Ashkenazy is clearly determined. ‘The orchestra has always been my passion. I always wanted to be a conductor. It’s just that I played the piano.’ There is evidence of his commitment to conducting this July. Then he is breaking into the two months of the summer he tries to keep free from engagements to visit the festivals in America, something he has not done for seven years. He will be conducting the orchestras in Detroit, Philadelphia and Boston. ‘I have conducted the Boston before so I must have done it well for them to ask me back.’

He usually spends the summer in his holiday home near Epidavros on the Greek coast with his family – his Icelandic wife, Thorunn, whom he met in 1958 when she was studying at the Moscow Conservatoire and married three years later soon after he left Russia and their four children, two boys and two girls ranging from three to 16.

Though the family, or at least some members, often join him on tour, the summer break and two other holidays of two or three weeks at Christmas and Easter are sacrosanct as his wife, Thorunn, who had been watching him rehearse at the Henry Wood Hall with their eldest son, Vladimir, made plain. Ashkenazy himself has no difficulty in controlling the demands upon him in one respect. ‘The negative control is perfect. I have always exercised that in all sorts of contexts. But the positive control is more complicated.’

He only recently made a series of programmes for television. But he was not to be drawn on the success or otherwise of the operation although Thorunn thought, for instance, that the colour explosions accompanying Scriabin’s Poem of Ecstasy worked very well. ‘I am a professional.’ says Ashkenazy. ‘As long as there is music, it’s important. The most important thing is that music is made and then how it is made. I don’t mind what I see on the screen. It will not make any difference to me. It’s important, this television. So many people watch it. If it persuades one person in a thousand to classical music, it’s worthwhile. People can graduate to going to concerts and to records.’

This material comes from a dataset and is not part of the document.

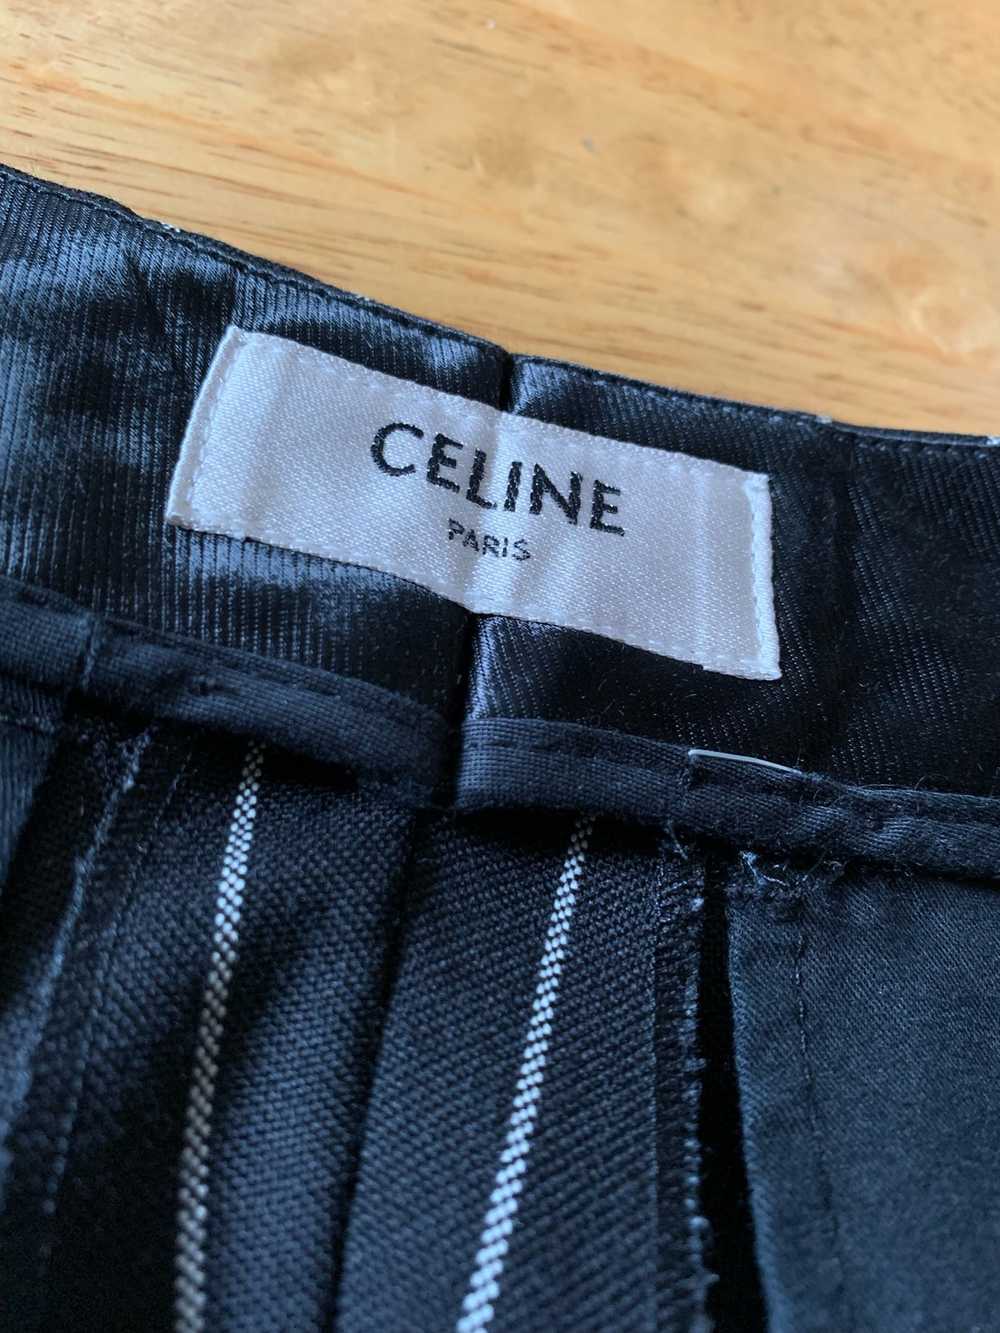 Celine Pinstripe Suit - image 5

But Ashkenazy’s chief concern is how to strike a balance between conducting and playing which, of course, he has no intention of giving up. When we talked, he was about to play the Beethoven concertos with Bernard Haitink and the Concertgebouw in Amsterdam, Paris and New York. His recording plans include all the piano works of Chopin and all the Beethoven sonatas. ‘I have so limited a time as a conductor that I have to think very carefully where I’m going from here. It’s by no means an easy decision. I have to find a way of reconciling things to my own satisfaction and that of my public. I don’t want to do things which are not on a decent level.’

As he had been rehearsing Tchaikovsky’s Fourth Symphony, had already recorded the Fifth and as this month sees the release of new recording of the Manfred Symphony and he is planning to do the Sixth and possibly the First, Winter Dreams, it seemed relevant to ask, ‘Why Tchaikovsky?’. His music, after all, is so often recorded and played. ‘I am Russian,’ was Ashkenazy’s immediate response. ‘I like Tchaikovsky’s music very much. His best music is his orchestral music and two or three operas. When I was a teenager I had a great affection for it. Now it has subsided and I see it in perspective. The music is criticized for being accessible, but isn’t Beethoven accessible? Of course it can be exaggerated, which I resent very much, which I greatly detest. It’s very intense music. That’s what one tries to bring out without making it sentimental and cheap. There is a delicate balance. When you are too conscious of it, it is wrong. There is a natural feeling for i t which is not rational but irrational. I am convinced I know what to do with it.’